SECONDARY OBJECTIVES:
I. To determine the prostate-specific antigen (PSA) response rate at 12 weeks in men with metastatic, castrate-resistant, chemotherapy-naïve prostate cancer treated with ARQ 197.
II. To determine the radiographic response rate at 12 weeks based on Response Evaluation Criteria in Solid Tumors (RECIST) criteria on computed tomography (CT) scans and stability of bone lesions on bone scan in castrate-resistant, chemotherapy-naïve prostate cancer treated with ARQ 197.
III. To determine the proportion of patients who are progression-free at 12 weeks.
IV. To assess safety and tolerability in patients treated with ARQ 197 using the National Institute of Cancer (NCI) Common Terminology Criteria for Adverse Events (CTCAE) Version 4.0 grading of toxicities.
TERTIARY OBJECTIVES:
I. Evaluate markers of bone turnover. (Exploratory)

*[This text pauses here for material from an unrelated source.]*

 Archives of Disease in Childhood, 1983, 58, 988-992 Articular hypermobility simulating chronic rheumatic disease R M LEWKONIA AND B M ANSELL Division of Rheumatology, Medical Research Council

OUTLINE: This is a multicenter study. Patients are stratified according to prior abiraterone or sipuleucel-T therapy (yes vs no). Patients are randomized to 1 of 2 treatment arms.
Arm I: Patients receive tivantinib orally (PO) twice daily (BID) on days 1-28. Courses repeat every 28 days in the absence of disease progression or unacceptable toxicity.
Arm II: Patients receive placebo PO BID on days 1-28. Courses repeat every 28 days in the absence of disease progression or unacceptable toxicity. Patients with disease progression may crossover to arm I.
Patients may undergo serum and urine sample collection at baseline and periodically during treatment for biomarker studies.
After completion of study treatment, patients are followed up every 3 months for 6 months.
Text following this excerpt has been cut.